Ali Arman

Personal information
- Born: 12 December 1983 (age 42) Dhaka, Bangladesh
- Batting: Right-handed
- Bowling: Right-arm off-break
- Role: Bowling All-rounder, Umpire

Domestic team information
- 2007: Barisal Division
- Chittagon Division
- Abahani Limited

Umpiring information
- WODIs umpired: 1 (2023)
- WT20Is umpired: 8 (2023–2024)

Career statistics
| Competition | FC | LA |
| Matches | 34 | 24 |
| Runs scored | 1,269 | 247 |
| Batting average | 30.21 | 17.64 |
| 100s/50s | 1/6 | 0/0 |
| Top score | 109* | 41* |
| Balls bowled | 5,201 | 1,182 |
| Wickets | 54 | 20 |
| Bowling average | 43.11 | 42.40 |
| 5 wickets in innings | 1 | 0 |
| 10 wickets in match | 0 | NA |
| Best bowling | 5/25 | 4/35 |
| Catches/stumpings | 7/0 | 4/0 |
- Source: ESPNcricinfo, 28 November 2023

= Ali Arman =

Bangladeshi cricketer (born 1983)

Ali Arman (আলী আরমান; born 12 December 1983) is a Bangladeshi former cricket all-rounder. He played 34 first-class and 24 List A matches between 2001 and 2007. He was also part of Bangladesh's squad for the 2002 Under-19 Cricket World Cup.
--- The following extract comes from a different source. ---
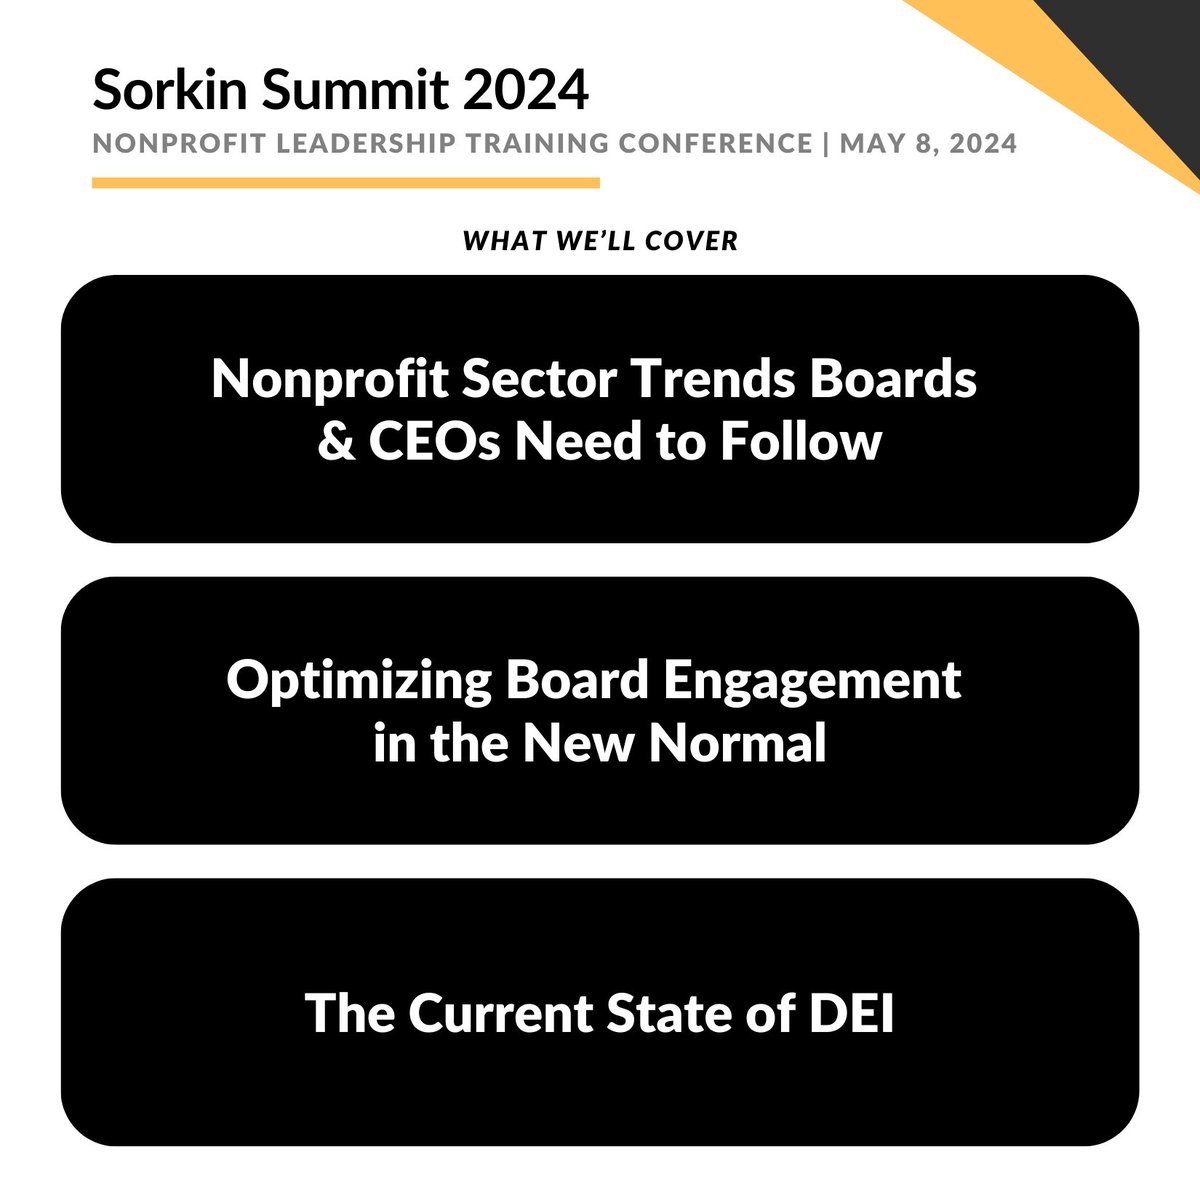 Interested in becoming a more effective nonprofit leader? Register for the Sorkin Summit and join fellow nonprofit leaders and board members for a master class of cutting-edge insights and best practices to level up your board. Get your tickets: compassprobono.org/sorkin-summit/

He is now an umpire, and stood in matches in the 2017–18 Dhaka Premier Division Cricket League.

He made news when he tested COVID-19 positive while serving as a reserve umpire during a 2020–21 Bangabandhu T20 Cup match and was later withdrawn from the list of match officials.